My main achievement was launching a distributed resource center for the the processing of the Portuguese language, Linguateca (2000-), as a follow-up of the Computational Processing of Portuguese project (1998-2000).
In this connection, I have been involved in the organization of several evaluation contests for Portuguese (Morfolimpíadas, HAREM, GikiCLEF, Págico) as well as in adding Portuguese to CLEF, the main international forum for crosslingual information retrieval.

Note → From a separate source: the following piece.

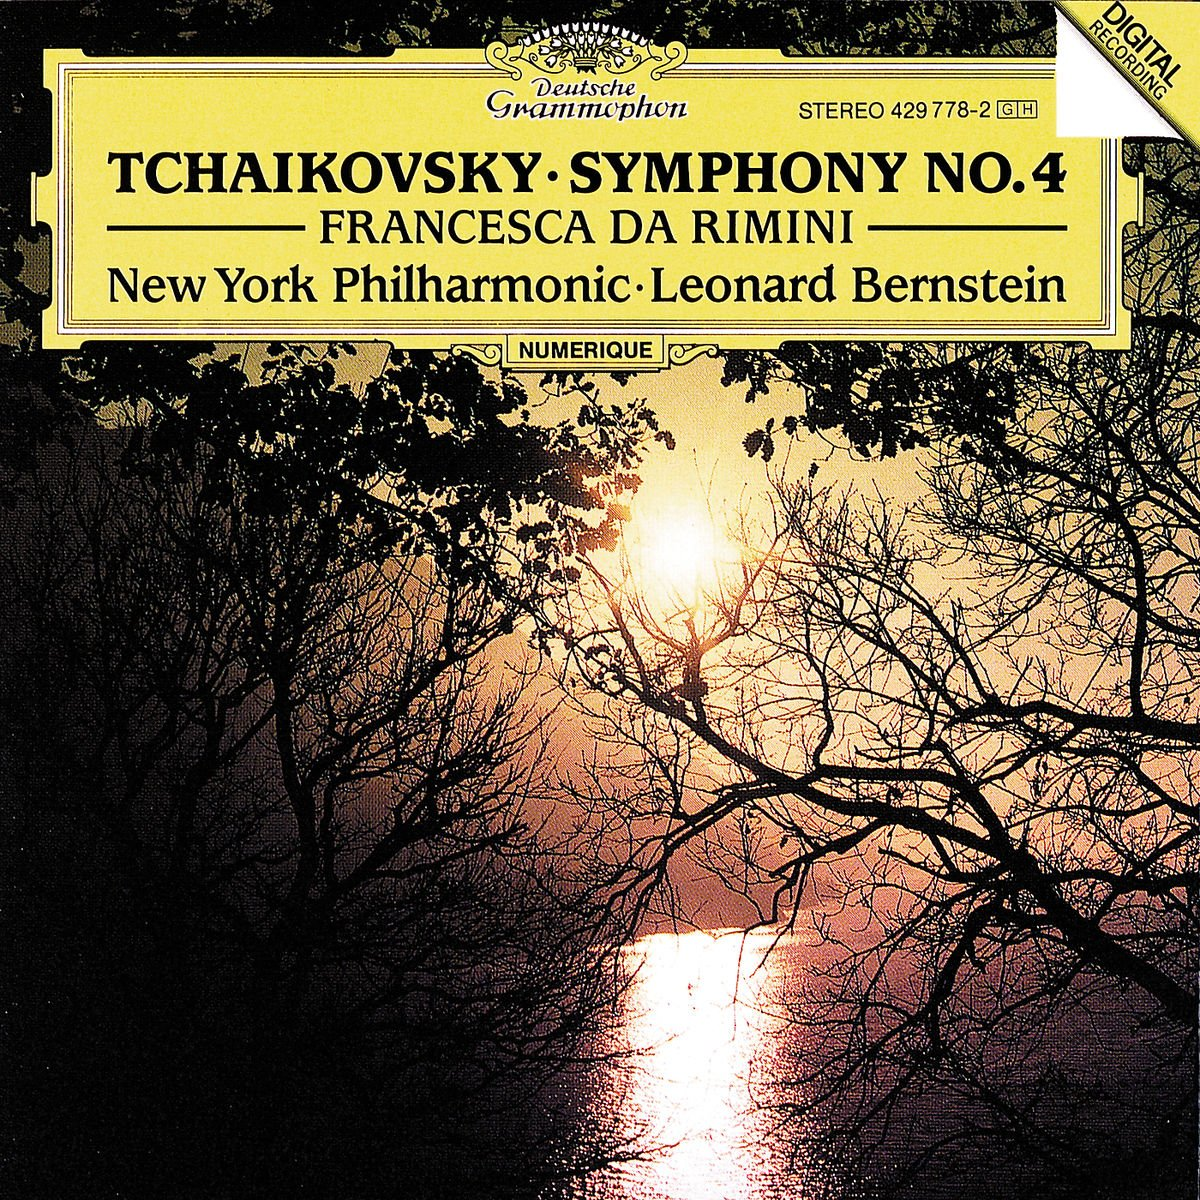 Tchaikovsky: Symphony No. 4 / Francesca da Rimini by Deutsche Grammophon

Also in the scope of Linguateca, I have deployed or helped deploy several important corpus resources for Portuguese, such as AC/DC, COMPARA, the Floresta Sintá(c)tica treebank, and CorTrad. I have also supervised the creation of CETEMPúblico, CETENFolha and the CHAVE and GIRA collections for IR evaluation, as well as the development of the Esfinge QA system.
To know something about my past, see a short CV or my more than 430 publications.
See also my interests page, written in 1997 and slightly updated in 2003.
I believe (for NLP) in language communities (all those who speak Portuguese); not geographical communities (such as Iberian, European or Latin-American).
I believe that people should teach and learn in their own native language, and that scientific publishing in English only is fundamentally wrong (for non-native English speakers). Scientists have the duty to translate and mediate science in their own language, instead of betraying it.